Las arquitecturas de los interiores son renacientes. Asoman las arquitecturas renacientes en las escenas de interiores, pero Vázquez busca afanosamente el aire libre y acomoda las figuras mejor en el paisaje. Y viene a ser éste el típico paisaje de receta, más flamenco que italiano: espacios amplios con fondos rocosos y dilatados valles, inmensas llanuras pobladas de bosquecillos y edificios góticos. Sin embargo, las arquitecturas de los interiores suelen ser renacentistas. En los exteriores hallamos normalmente un paisaje flamenquizante, dispuesto en planos paralelos, con una línea de montañas en el horizonte, árboles copudos, amplia vegetación y en medio de éste edificios con flechas y empinadas techumbres, de progenie nórdica. Son también sumamente característicos los cielos con abundante nubosidad de cúmulos y nimbos, que contribuyen a ensombrecer el cuadro, todo en flagrante oposición a la claridad castellana. No escasean tampoco los paisajes de aspecto crepuscular. Asimismo, en ocasiones coloca en los fondos tiras verticales de brocados, sobre los que destacan medias figuras de santos, especialmente en los bancos de los retablos.

San Bernardo. Museo Nacional de Escultura. Valladolid
San Jerónimo. Museo Nacional de Escultura.
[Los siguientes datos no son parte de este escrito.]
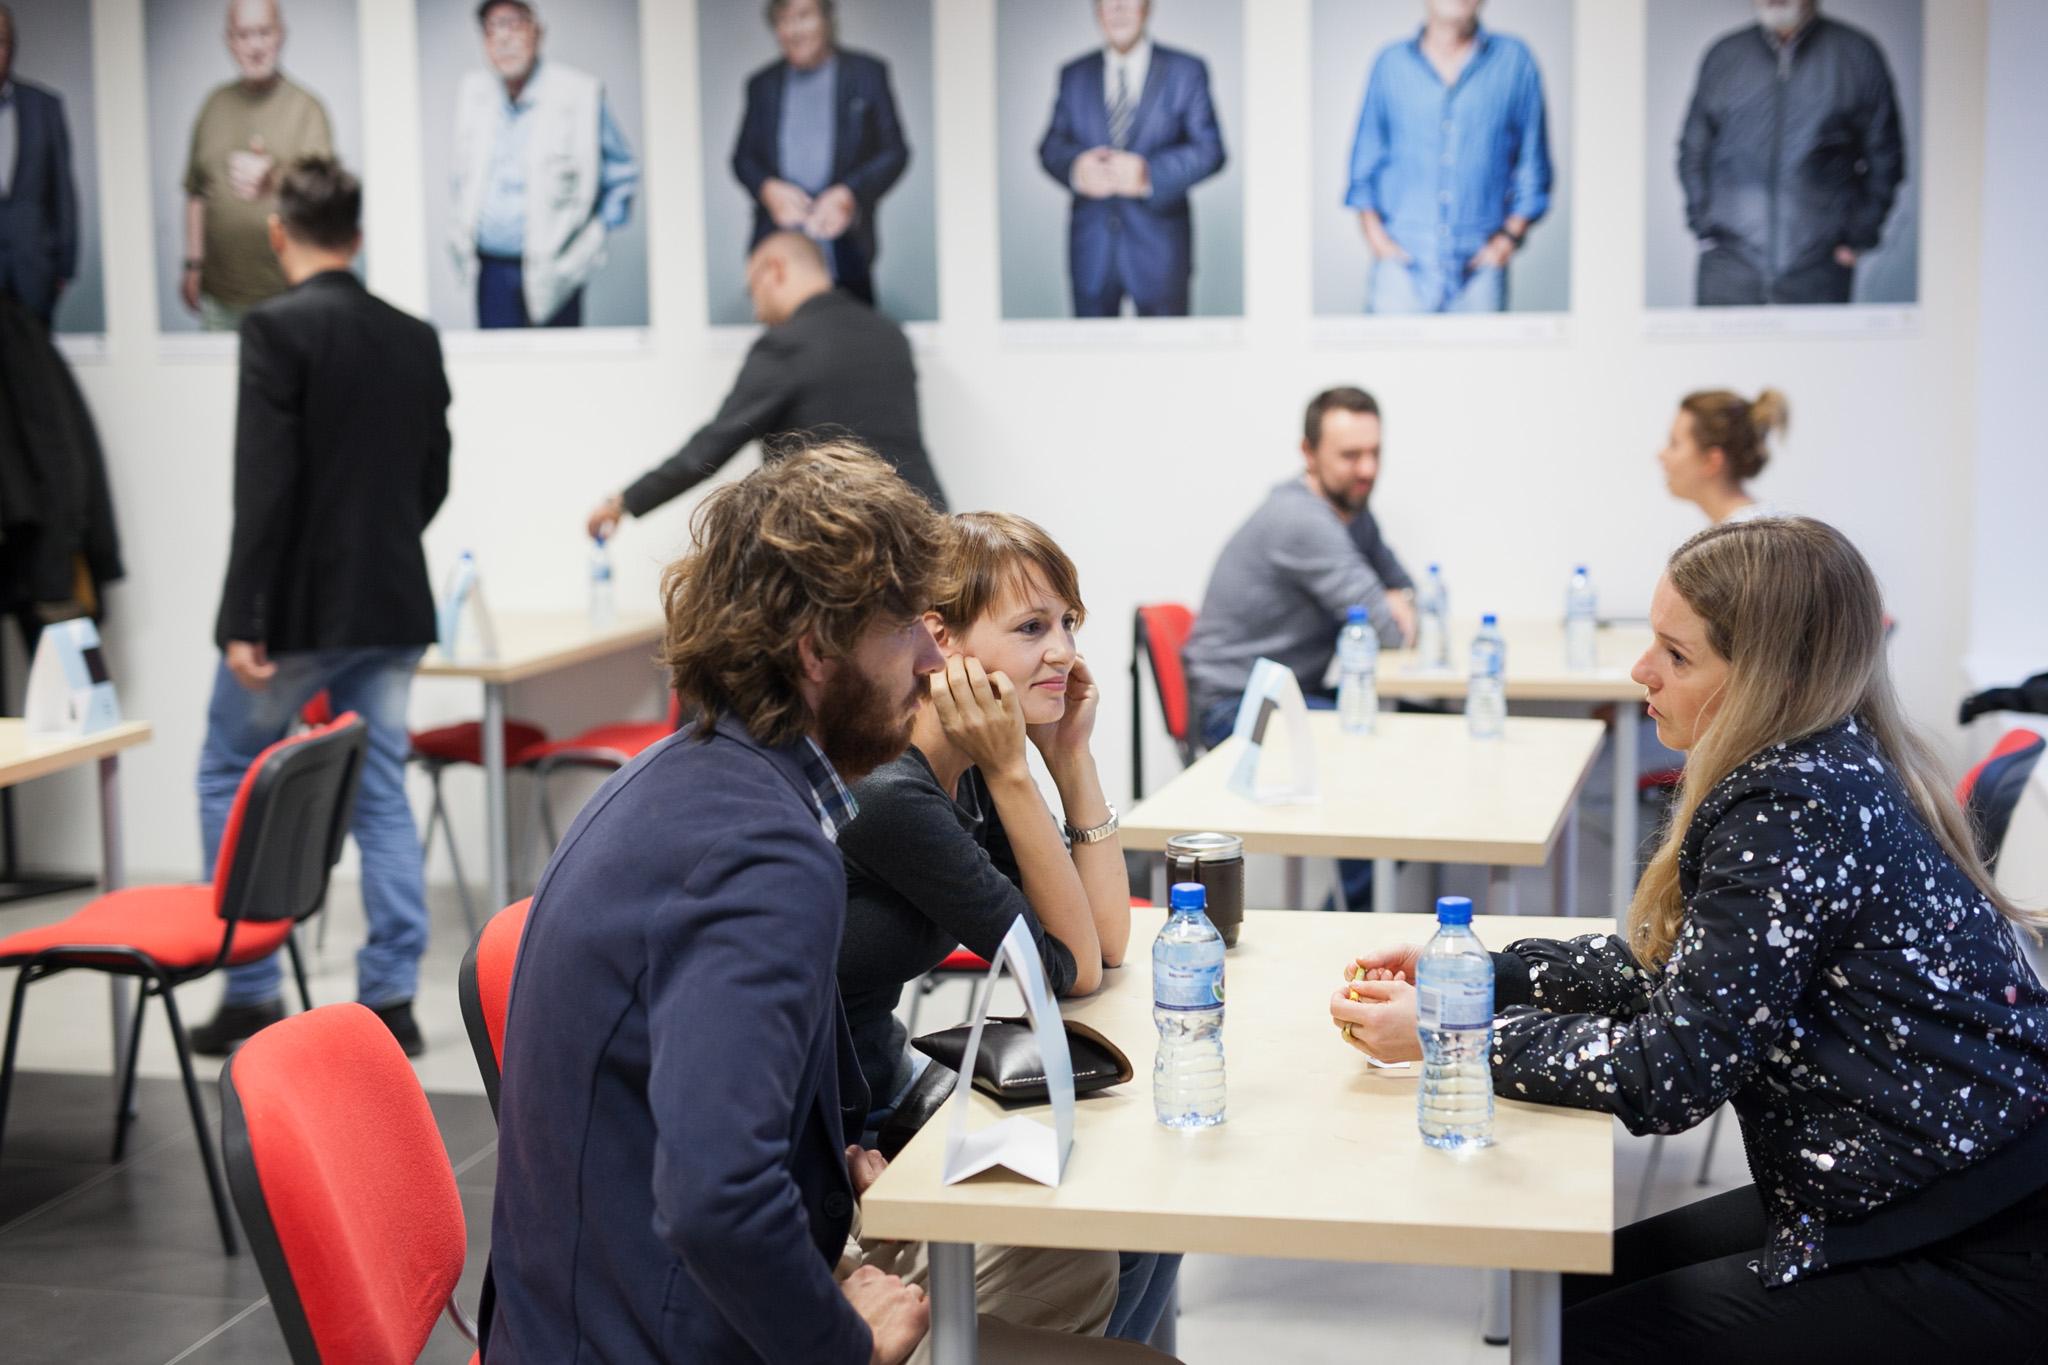 magazynkobiet.pl - Gdynia Kreatywna c - Bezpłatne szkolenia dla branży kreatywnej w Gdyni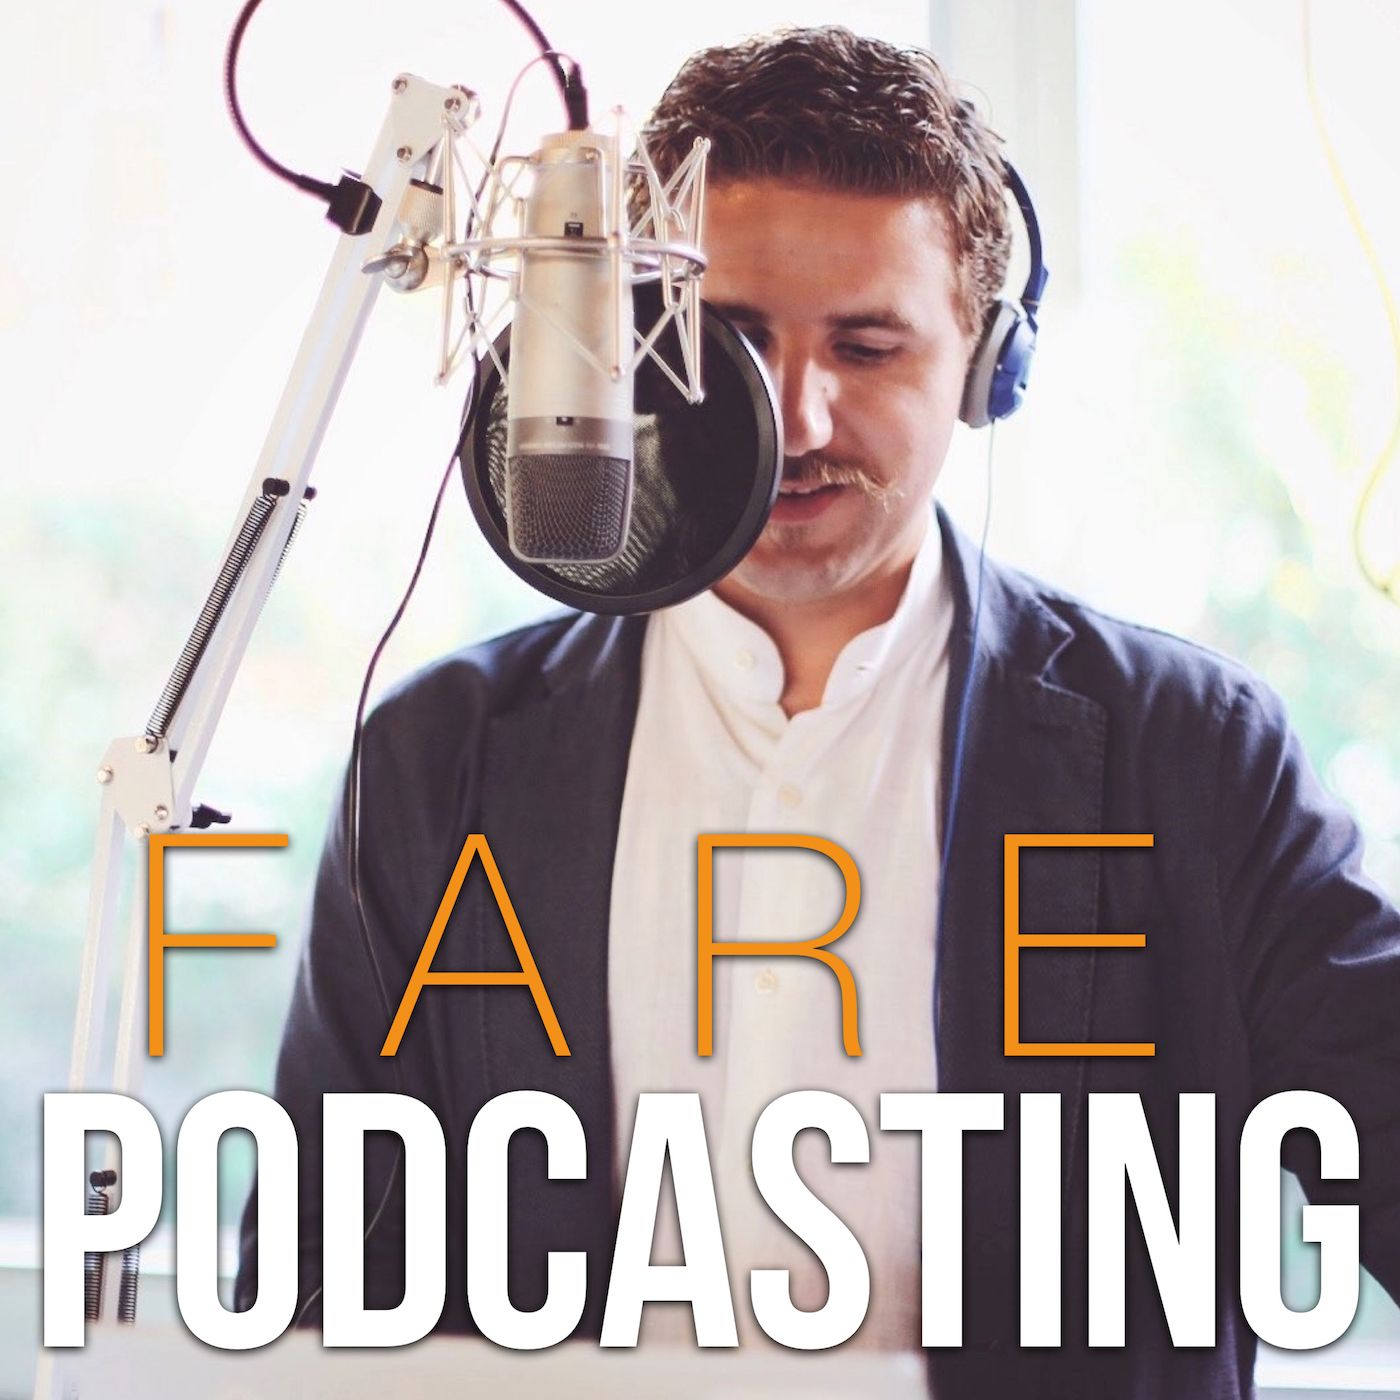 Costruire la community con il podcast, costruire il podcast con la community - Marvi Santamaria

Valladolid
La luz del cuadro procede de la izquierda e incide paralelamente al cuadro, de suerte que las sombras llevan también esta dirección y la pintura reafirma el efecto de placidez y mansedumbre.
Los retratos de los donantes que aparecen junto a los santos en sus composiciones son bastante inexpresivos, limitándose a repetir un mismo tipo, por lo que no hallamos una voluntad decidida de captar el parecido físico y mucho menos el carácter de los retratados.




BIBLIOGRAFÍA
  • BRASAS EGIDO, José Carlos: El pintor Antonio Vázquez, Institución Cultural Simancas, Valladolid, 1985.
  • L. F. P.: “El autor del retablo de los Virués de Santa María de Nieva”, Estudios Segovianos, tomo I, 1949, pp. 113-114.
  • MARTÍN GONZÁLEZ, Juan José: “Pinturas inéditas de Antonio Vázquez”, Boletín del Seminario de Estudios de Arte y Arqueología, tomo XXL, 1959, p. 179.
  • CAAMAÑO MARTÍNEZ, Jesús María: “Antonio Vázquez (nuevos comentarios y obras), B.S.A.A., tomo XXXVI, 1970, pp. 193-204.
  • MARTÍN GONZÁLEZ, Juan José: “Tablas inéditas de Antonio Vázquez”, B.S.A.A., tomo XLVII, 1981, pp. 441-443.
  • BRASAS EGIDO, José Carlos: “Antonio Vázquez: Nuevas obras y algunas precisiones (A manera de “Addenda”)”, B.S.A.A., tomo LI, 1985, pp. 467-474.
  • BRASAS EGIDO, José Carlos: “Antonio Vázquez: reflexiones sobre su pintura a propósito de dos nuevas obras”, Academia: Boletín de la Real Academia de Bellas Artes de San Fernando, núm. 76, 1993, pp. 513-522.